24 lata UW MiM czy PW MiNI

0

Mam 24 lata. Studiuję nieścisły kierunek który mnie niezbyt interesuje i myślę nad rzuceniem go i podjęciu studiów informatycznych ( najlepiej czysta informatyka ). Rozważam uczelnie głównie pod względem perspektyw zawodowych w kraju jak i za granicą. Chciałbym pójść na MiM na UW lub MiNI na PW i zacząć dorabiać w branży jeszcze podczas studiów.
Bardziej jednak skłaniałbym się właśnie ku temu pierwszemu. Mimo, że nie daje tytułu inżyniera, jest równie, o ile nie bardziej prestiżowym kierunkiem, przedstawiciele dużych firm jak Google czy Microsoft przeprowadzają wiele rekrutacji wśród jego studentów.
Mam jednak wrażenie, że jest to opcja głównie dla olimpijczyków, osób młodych i zdolnych. I to oni właśnie zgarniają najlepsze oferty o pracę. Z powodu swojego nienagannego życiorysu. Tymczasem ja, nawet gdybym okazał się wybitnym studentem i miał bardzo dobre osiągnięcia w nauce, byłbym w pewnym stopniu lekceważony z powodu swojego wieku. W końcu dostałbym licencjat w mając 27 lat, a magistra 29. Kończąc studia, miałbym prawie 30-kę na karku i nie mógłbym nawet pochwalić się tytułem inżyniera przyszłemu pracodawcy..
Czy moje obawy są uzasadnione? Czy lepiej iść na MiNI na PW?

1
  1. A jesteś w stanie w ogóle sie tam dostać i utrzymać?
  2. Google i inne duże firmy rekrutują równie mocno na wszystkich "topowych" uczelniach -> UW, UJ, UWr, PW, AGH, PWr i pewnie jeszcze kilku innych. Jeśli będziesz wystarczająco dobry to nie ma różnicy.
  3. Wątpie żeby tytuł inż cokolwiek zmieniał. Zadaj sobie raczej pytanie: co mnie interesuje, co chciałbym robić. Bo jak chcesz się zajmować jakimś low-level, programowaniem blisko sprzętu, to studia inż będą lepsze. Jak chcesz sie zajmować matematyką na komputerze to wtedy licencjat.
1
mowensted napisał(a):

Mam jednak wrażenie, że jest to kierunek dla olimpijczyków, osób młodych i zdolnych. I to oni właśnie zgarniają najlepsze oferty o pracę. Z powodu swojego nienagannego życiorysu. Tymczasem ja nawet gdybym okazał się wybitnym studentem i miał bardzo dobre osiągnięcia w nauce, byłbym, chociażby przez największe giganty jak Microsoft / Apple / Google, lekceważony z powodu swojego wieku. W końcu dostałbym licencjat w wieku 27 lat, a magistra 29.
Czy moje obawy są uzasadnione?

Zuckerberg powiedział swego czasu, że w wieku 30 lat jesteś tylko ociężałym, starym człowiekiem. Podobnie o ludziach po 25 roku życia wypowiadał się Rafał Agnieszczak - znany przedsiębiorca Internetowy, twórca wielu startupów m.in. fotka.pl. Dawniej ludzie po 30 byli już starcami, którym zostało co najwyżej kilka lat życia. Ze względu na postęp cywilizacyjny, szczególnie sanitarny i medycyny ludzie żyją teraz dużo dłużej, ale sorry, kalendarza nie oszukasz.

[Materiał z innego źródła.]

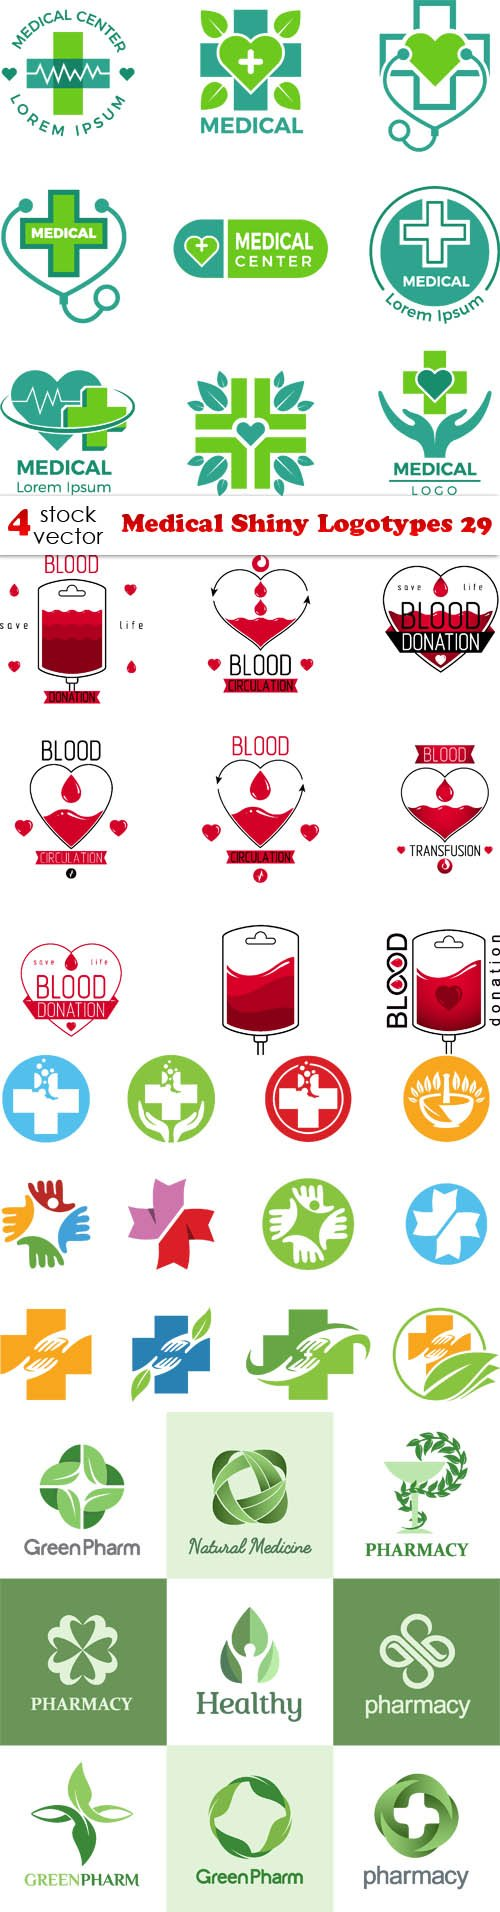 Vectors - Medical Shiny Logotypes 29

Czy lepiej iść na MiNI na PW?

W takim wieku to raczej zostaje już tylko Uniwersytet trzeciego wieku.

0

Po 25 roku życia jesteś starcem który myśli o założeniu rodziny, narzeczona zaczyna starczo suszyć głowę żebyś w końcu przestał robić internety za 25 zł na śmieciowej umowie brutto i pomyślał o normalnej pracy dla dziadków.

24 - 25 lat ten wiek w którym ostatni staruszkowie tracą status studenta i rekin biznesu musiałby za nich pełny zus płacić.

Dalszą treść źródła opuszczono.